I have looked for my testing shots but they have been lost.

I mainly shoot landscape outdoors. What I tended to see with the 70mm IC on the cropped sensor was the distracting white band that appeared before the hard vignetting. This was not really fixable even with the LCC on a solid subject like sky but did not cause problems when there were traditional landscape features involved like trees or water etc.

The 35mm HR is a great lens. And probably has less distortion than the 40mm HR-W.

Seems that 15mm of movement (at least with shift) is possible based on the examples that you have so it would be a good possibility.

I was using the IQ150 when I tried out the lens.

Paul C
 

usm

Member
Got an answer: They said that the 70mm IC are theoretical (I think at every aperture).
A test setup shows a useable IC at around 77mm (I think the lens is full open).

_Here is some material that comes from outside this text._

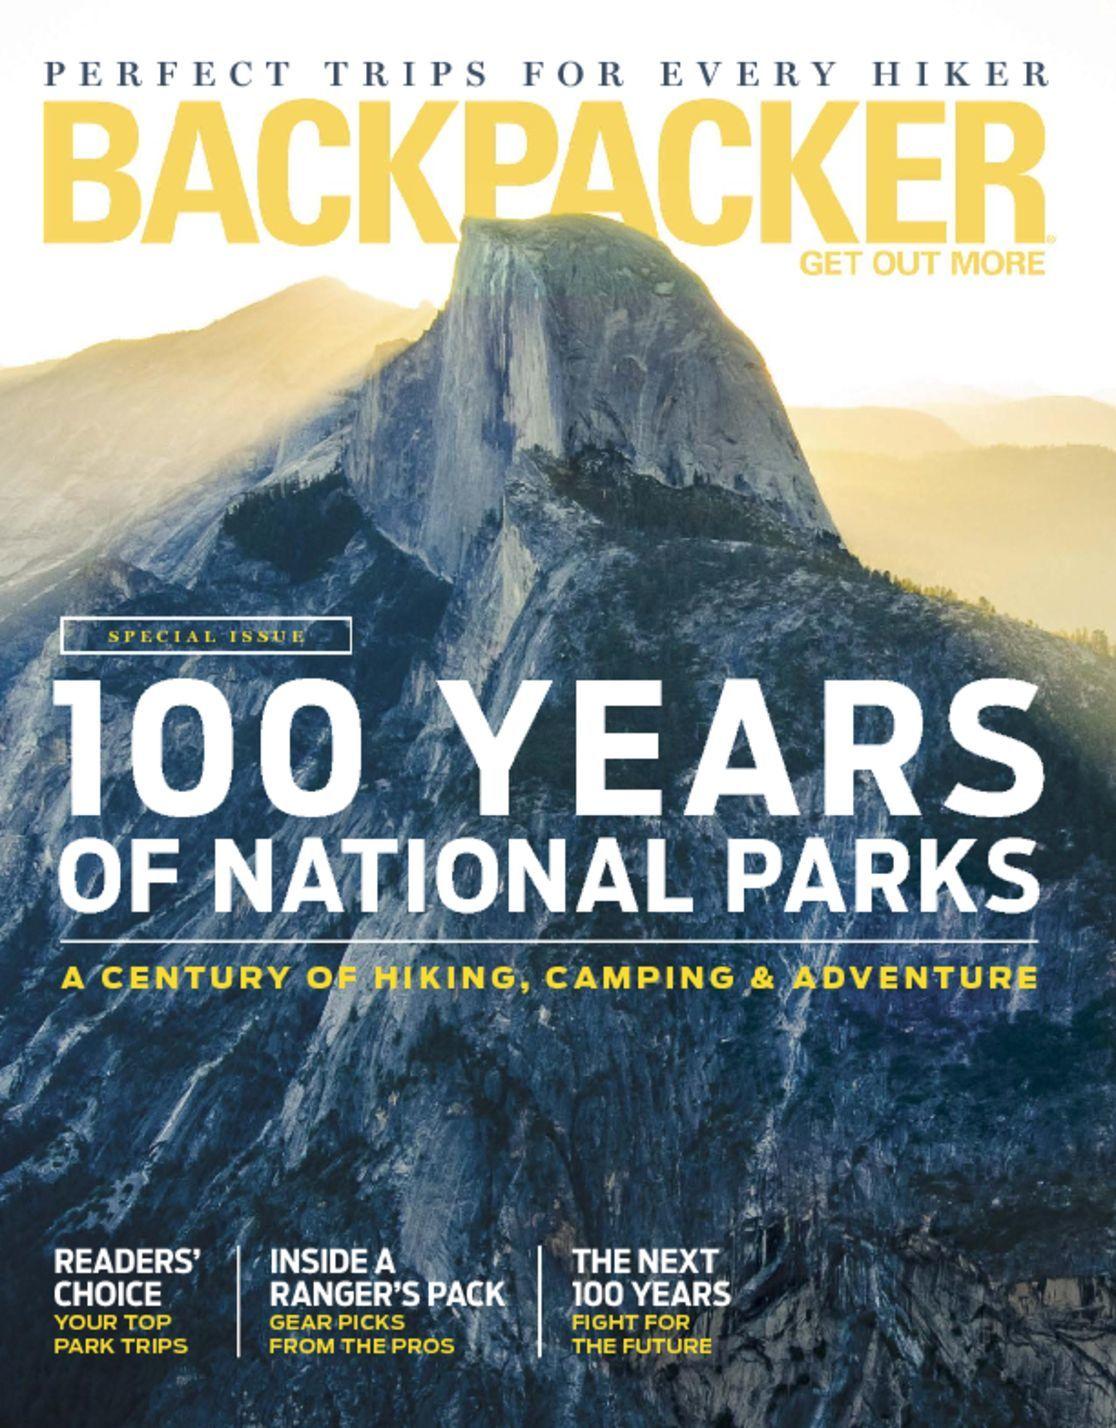 Backpacker $4.99/yr, Outside $4.99/yr, Climbing $5.99/yr
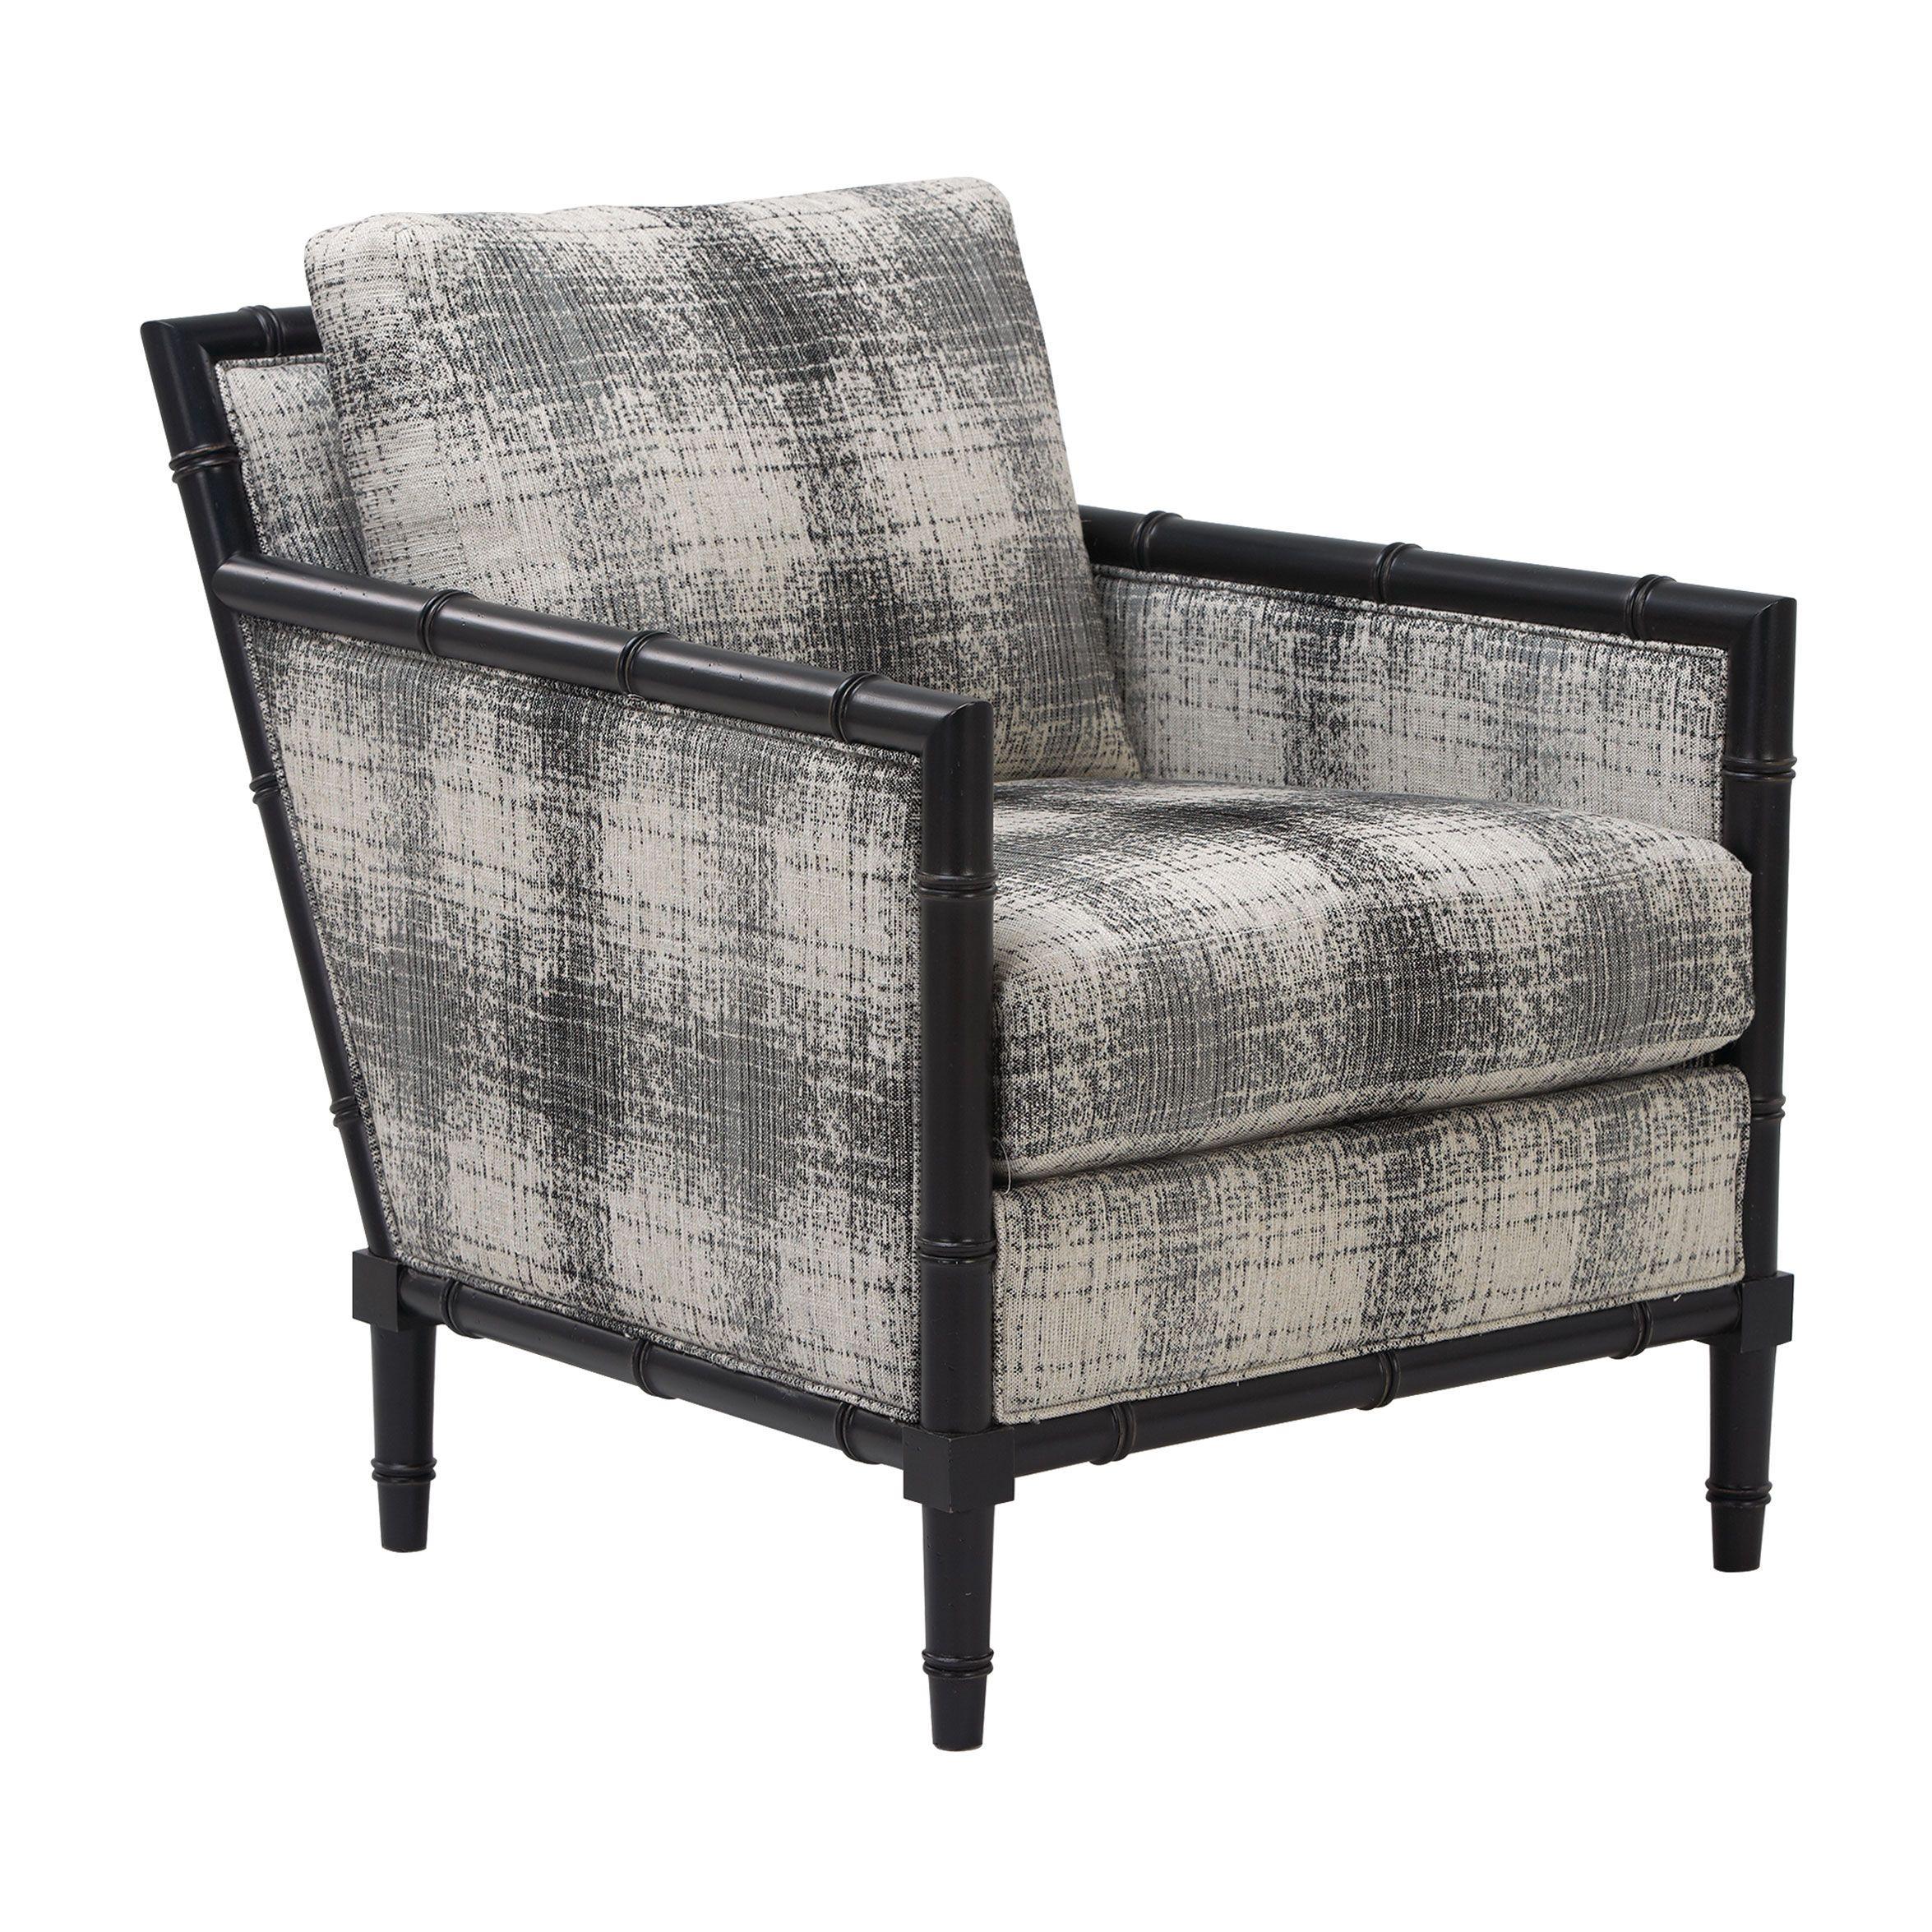 Black and white furniture Pierce Chair Ethan Allen US

Is the IC getting bigger when the lens is set to 5.6 or 8?

20210127_120937.jpg
 

Jeffrey

Active member
Of course the decision is subjective. There's no substitute for test shooting the cameras, lenses and backs. I have a TON of fun shooting the XT, IQ4-150 achro back, and the 32mm Rodie lens. A super easy work flow that then leaves the decision of which IR Cut filter to use with each image. Experimenting and shooting the same image using different IR Cut filters is just plain fun. The other consideration is the total weight of the gear. At this stage in my life I prefer to have a backpack that doesn't weigh anywhere near what I used to lug around. One body, back, lens, a few filters, and a spare battery. I wish you good luck in your decision making process and great shooting afterwards!
 

usm

Member
I am referring to this threat:

Form me, as a starter in MF and tech cam, it is always a mystery which lens fits to which sensor (Sony, Dalsa, what ever...)
I have a Hasselblad CFVii50c, for that sensor I have the feeling non of the Schneider lenses are good.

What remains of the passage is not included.